** Provided data follows **
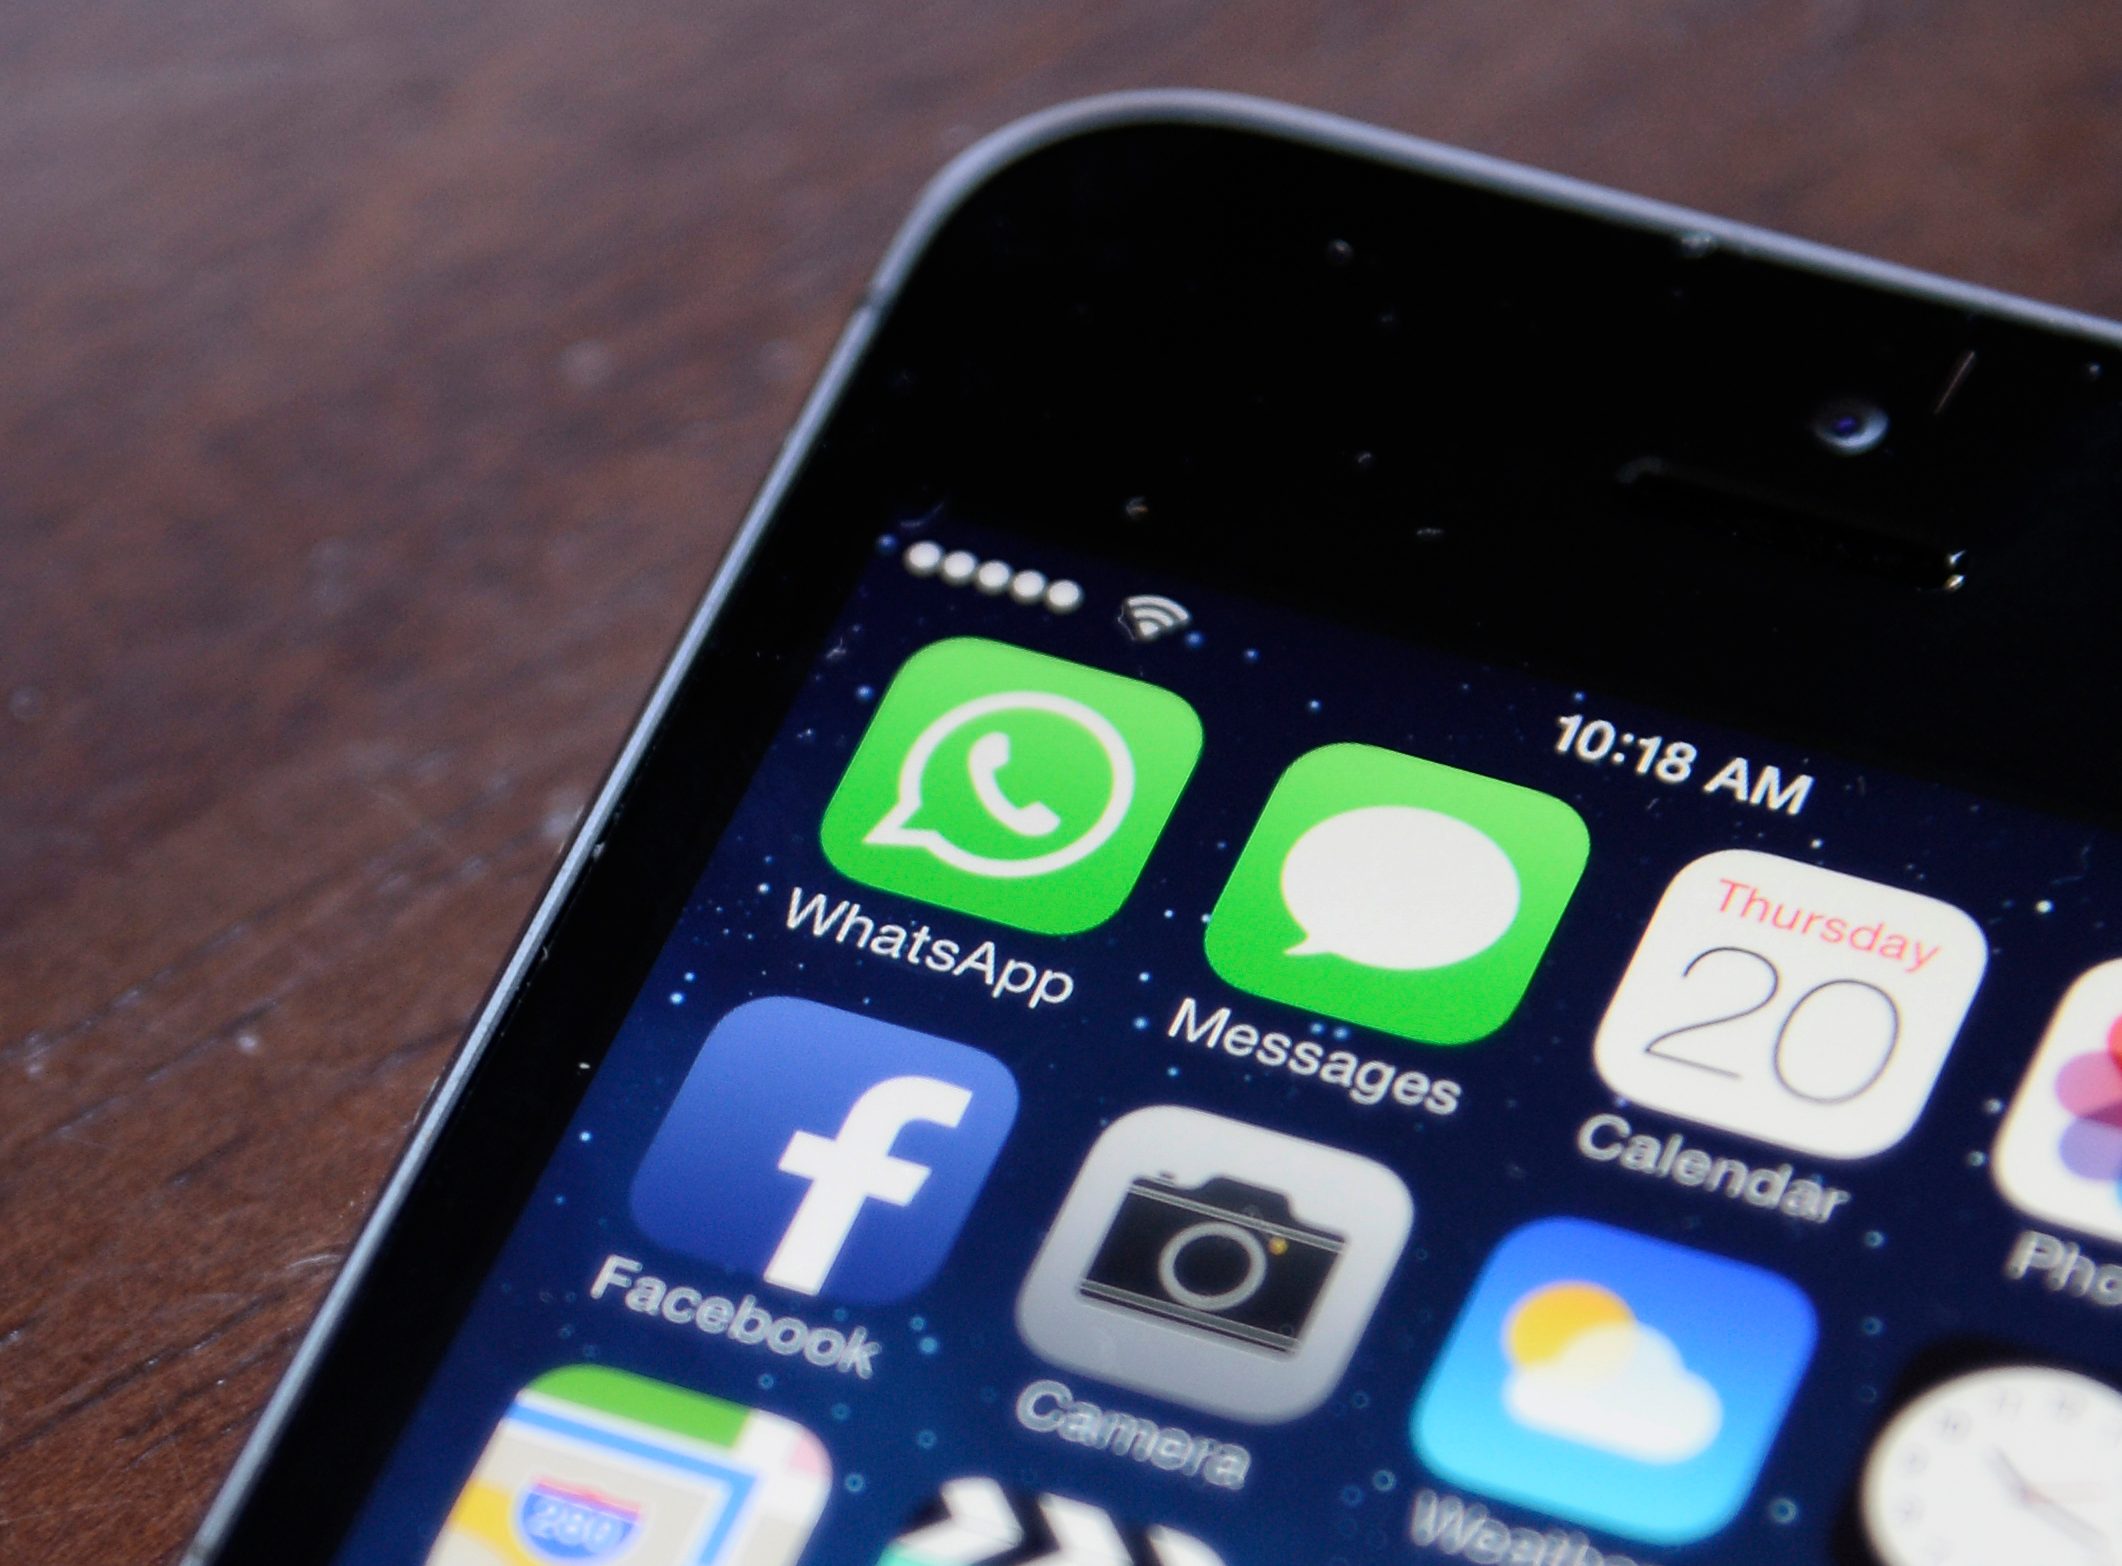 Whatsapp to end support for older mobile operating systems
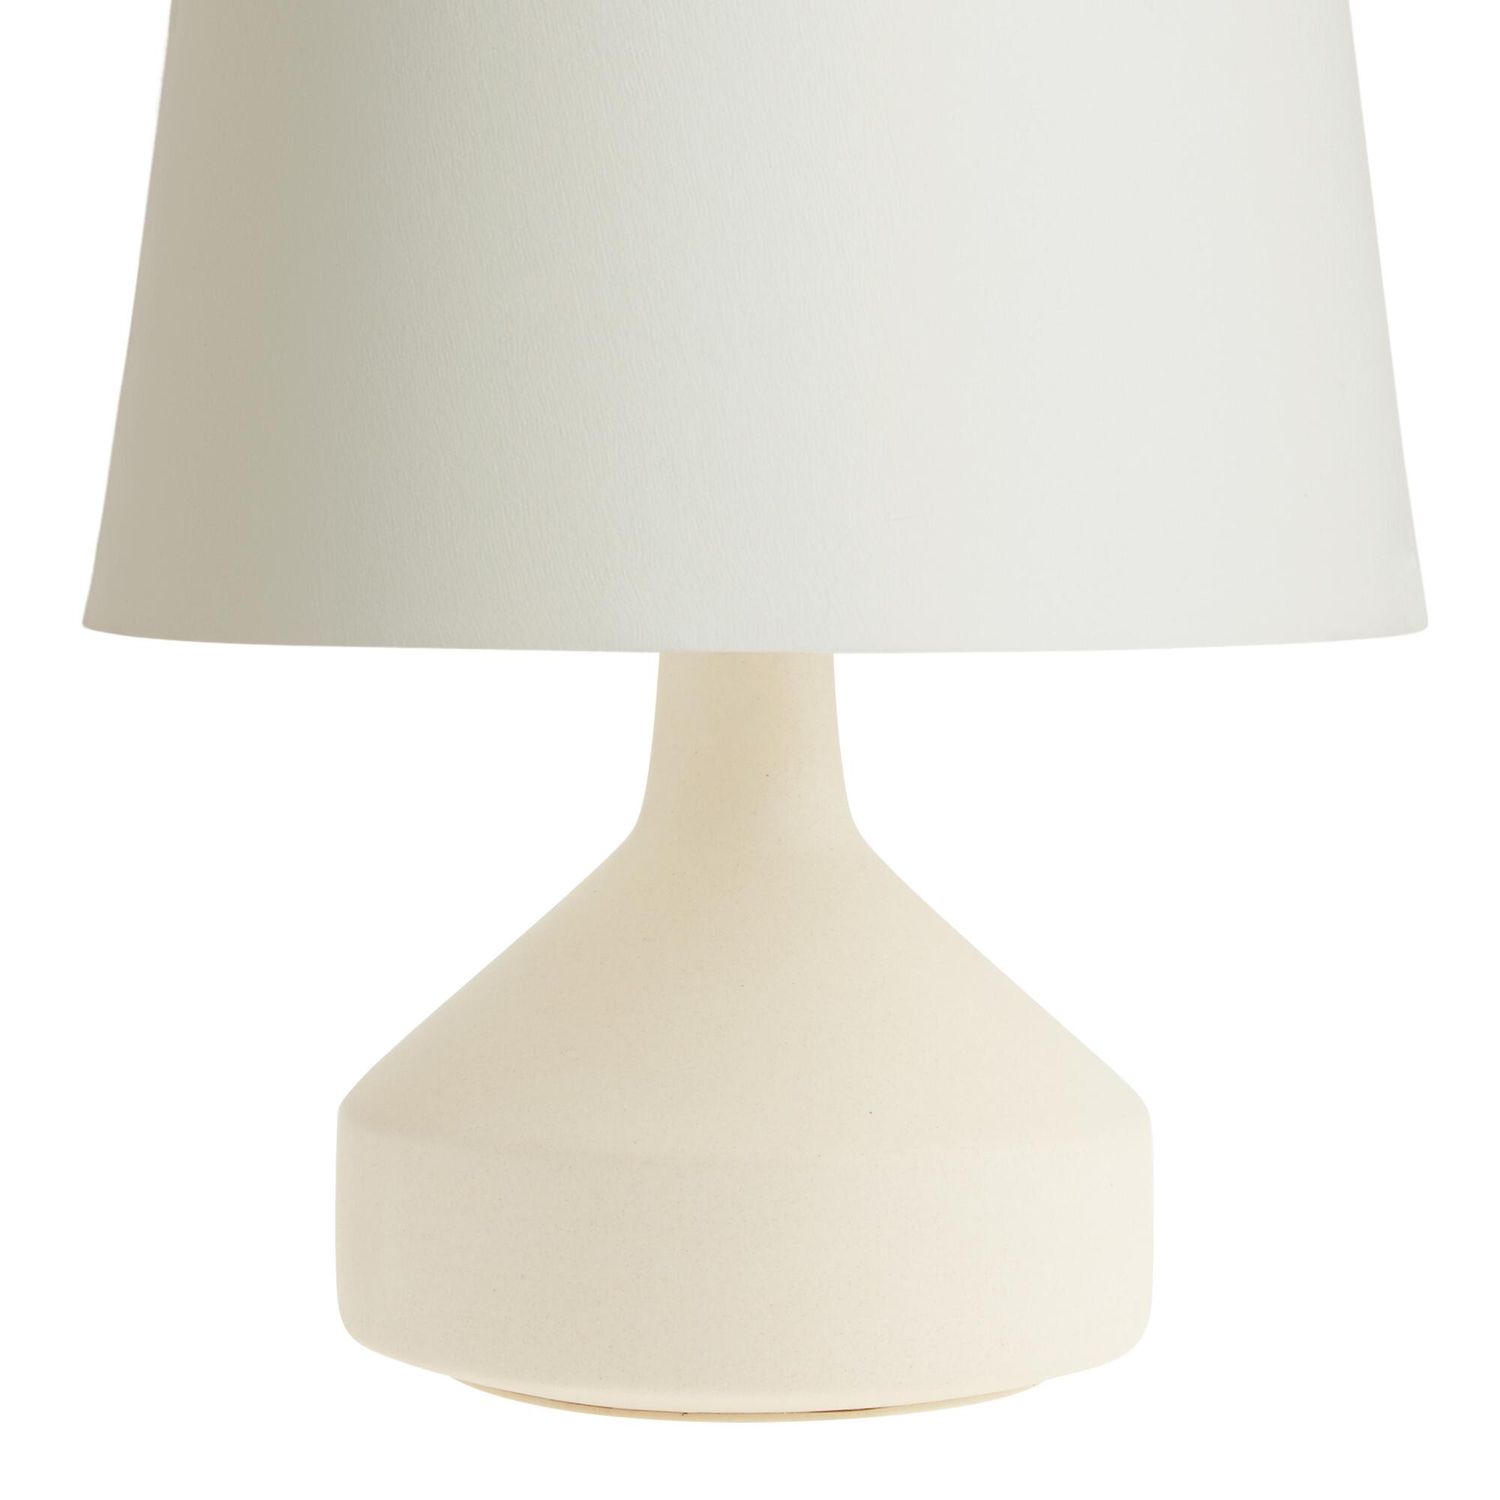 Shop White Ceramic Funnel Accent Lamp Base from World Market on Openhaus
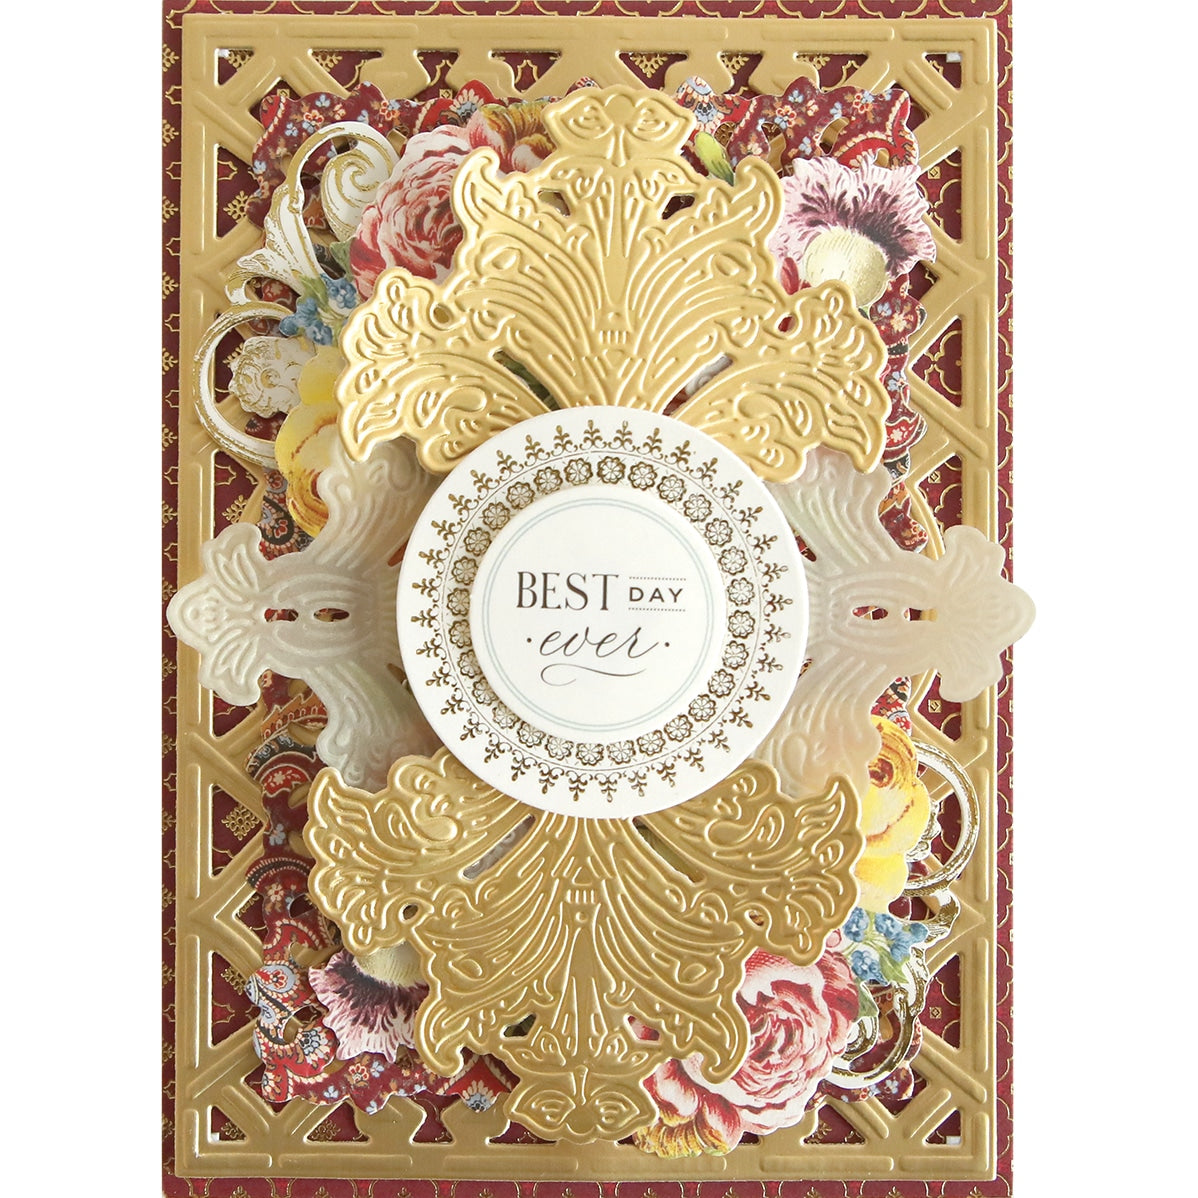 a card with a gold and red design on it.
** End of Provided data **
» **What you will do**
Everything in the listing must be copied exactly except the pictures.

» **Result**
 Whatsapp to end support for older mobile operating systems
 Shop White Ceramic Funnel Accent Lamp Base from World Market on Openhaus
 a card with a gold and red design on it.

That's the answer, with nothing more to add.